Pre-finish the shelf if you can't cover the surfaces well, such as with spraying in nooks & crannies. If you pre-finish, do not apply it to glue areas.

Grats on the new bench!


----------



## RussellAP (Feb 21, 2012)

Danish oil for sure. 
I would really consider using some other wood than yellow pine, it's primarily a construction wood. It gums up tools an rarely takes a finish well. It's okay for a bench, but I'd use some other wood for anything I wanted to look nice.


----------



## a1Jim (Aug 9, 2008)

Here's a good finish. http://www.generalfinishes.com/retail-products/oil-base-top-coats/arm-r-seal-urethane-topcoat
It will be much easier to prefinsh the the shelf before installing it.


----------



## Cosmicsniper (Oct 2, 2009)

Russell:

Chris Schwarz recommends southern yellow pine because it IS a construction wood. It is cheap, found at the big boxes, and you can get a really thick laminated surface by milling and gluing up the bigger 2×6s, 2×8s, or larger.

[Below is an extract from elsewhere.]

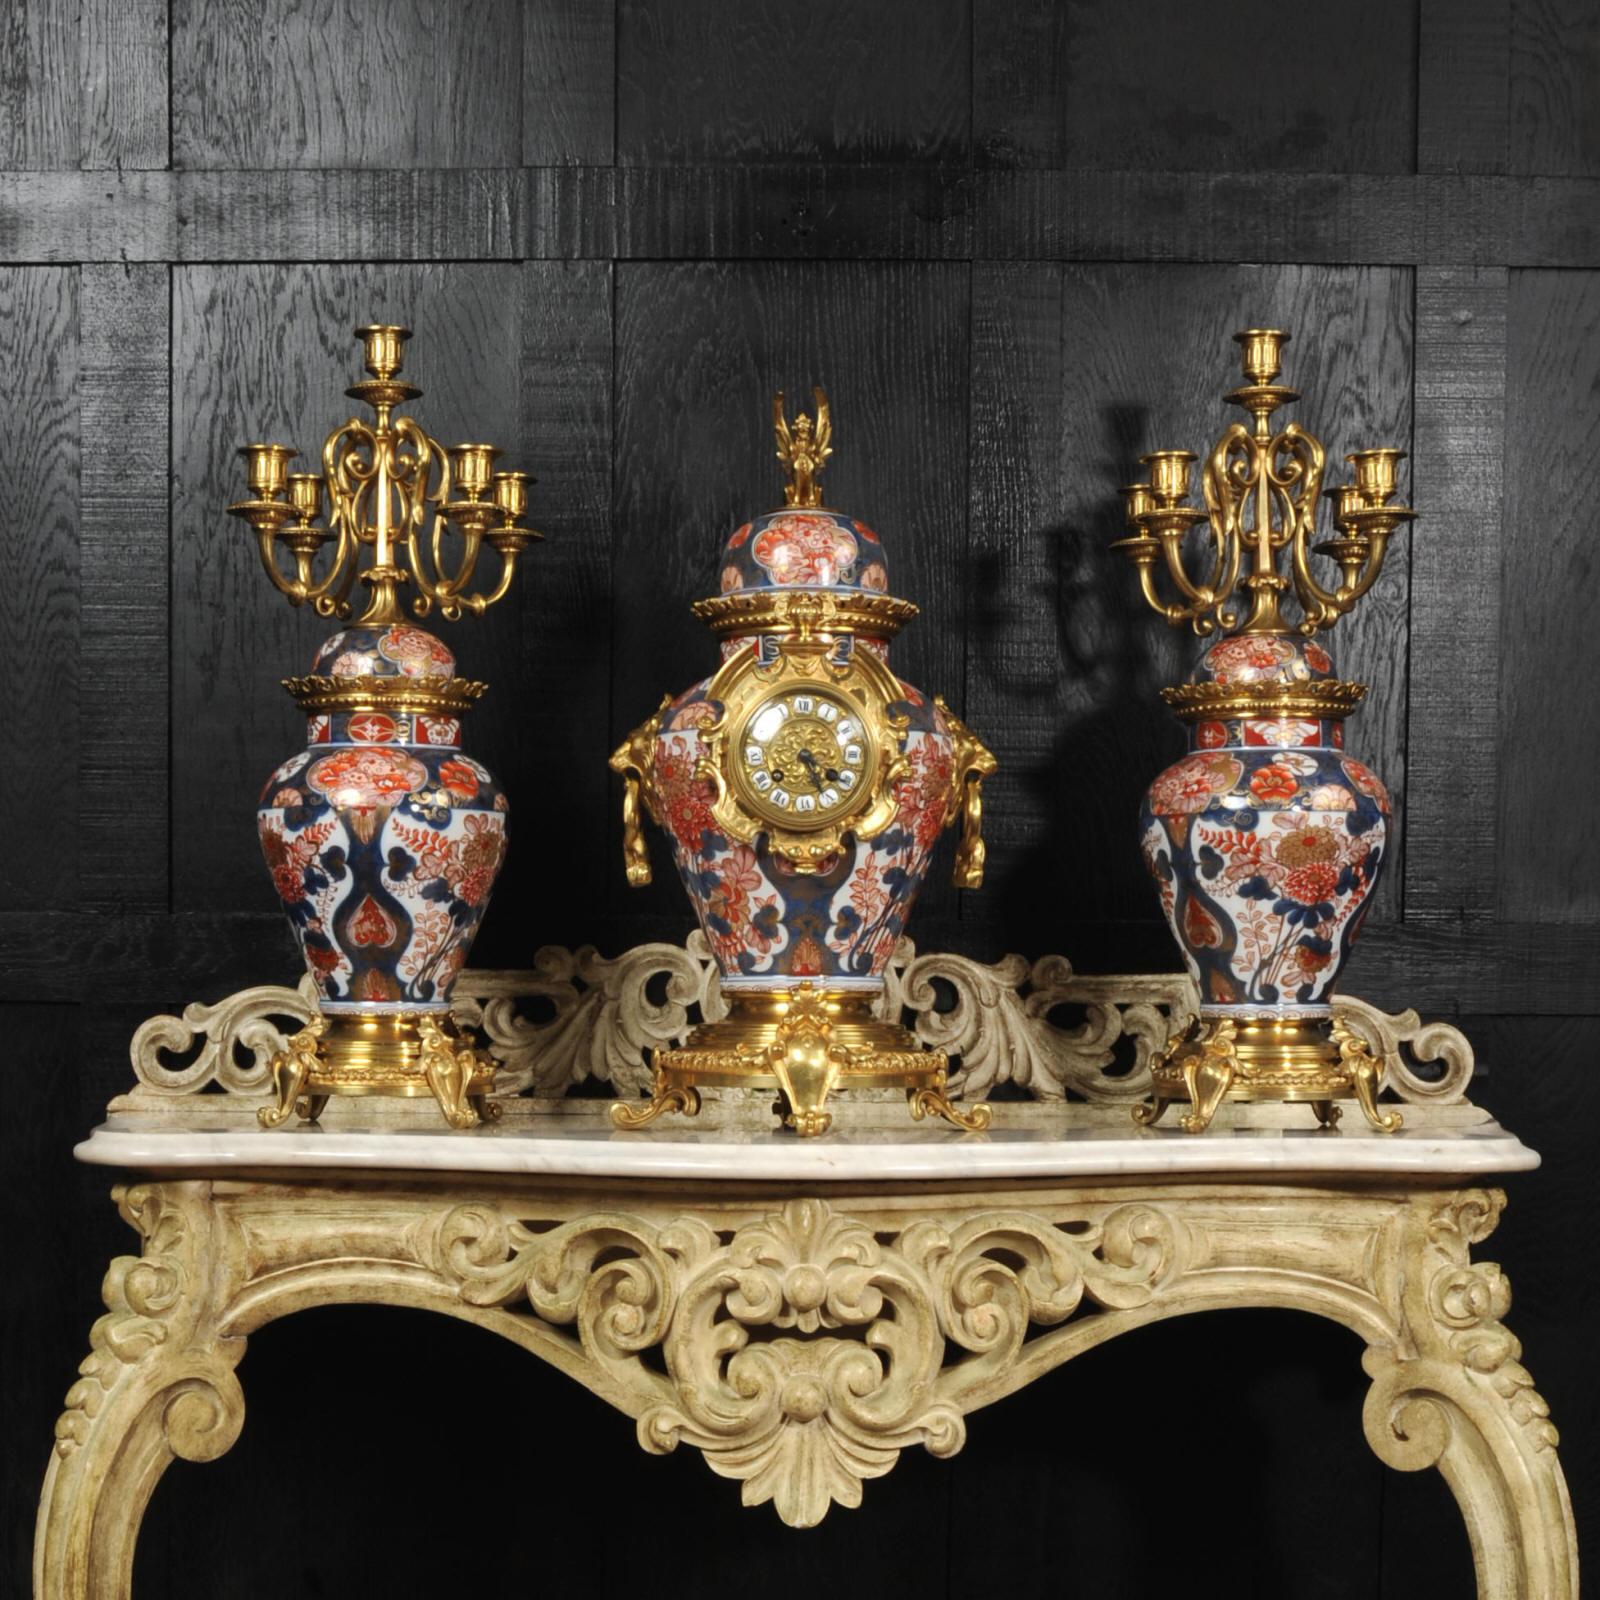 A very large, rare and impressive original antique clock set. The bodies are stunning Japanese Imari Porcelain mounted with finely gilded bronze. Candelabra are formed from a matching pair of Japanese Imari Porcelain jars of inverted pear form

I'm with you with regard to looks, but it a solid, cheap way to get a really heavy, durable top. It's certainly not the easiest wood to work with or to finish, but for hand plane guys it's a smart choice, especially if you can't afford the traditional, rough cut sized maples, beeches, ashes, or even oaks.


----------



## Cosmicsniper (Oct 2, 2009)

BTW, the pine really appeals to me. As much as I want to build my own heirloom hard maple bench out of 8/4 stock, it's not truly a necessity, IMO.


----------



## PurpLev (May 30, 2008)

I'd just finish it all (top, base, and shelf) with BLO (which I did on mine). the finish will protect your workbench from moisture and other elements and give it a warmer tone without creating a plasticy film on top that will be hard to refinish in the future. wipe it on heavily, wait 15 minutes, wipe off excess… done deal.


----------



## Moai (Feb 9, 2009)

oils are the best way to go. Once dry, just apply wax periodically. Tung oil worked 4 me.


----------



## Gshepherd (May 16, 2012)

Ditto on the Danish oil…......I always use the GF brand natural not the tinted stuff.


----------



## HorizontalMike (Jun 3, 2010)

After an oil "Johnson's Paste Wax". Cheap and very good.


----------



## wormil (Nov 19, 2011)

I would use Danish oil or a thinned coat of shellac. I used BLO on my yellow pine workbench and over the years it attracted dust and became gummy; eventually I scraped it off and just left it plain. Maybe the problem was I used too much or maybe it's the combination with pine but I wouldn't use it again. Over time I've become a shellacophile, it's easy, fast drying, durable, and repairs (if needed) are simple but I would stick with maybe two light coats to seal the wood a bit so dust and dirt don't become embedded in the wood. Danish Oil is fine, it's just that every time I use it I end up wishing I'd used something else.

Also, ditto on the wax.


----------



## RussellAP (Feb 21, 2012)

Cosmicsniper, I just hate the way it gums every tool I have up. Around here we have more white pine than anything else at BB stores. A little bit of douglas fir and lots of cedar. I don't even want to think about what yellow pine would do to my ORS's.


----------



## RussellAP (Feb 21, 2012)

I think that out of all the oils, danish natural gives you the best bang for your buck as far as making grain pop. I'd likely leave my workbench natural though, no need to use any thing on it because it's going to take mucho abuse anyway. I usually spill enough oil from other projects to cover most of it anyway,


----------



## Cosmicsniper (Oct 2, 2009)

No, I get that, Russell. It's a trade-off to be sure. But it should be mentioned that southern yellow pine is substantially harder than white pine, with almost twice the Janka scale rating. I would be afraid of durability with the white pine, as well as the weight for handplane guys.


----------



## Cosmicsniper (Oct 2, 2009)

BTW, we are talking about ideals here. I'm not a workbench snob in this regard. MDF and plywood make for excellent workbenches as well. My father, while not a hand plane guy, has had his plywood benches for as long as I can remember.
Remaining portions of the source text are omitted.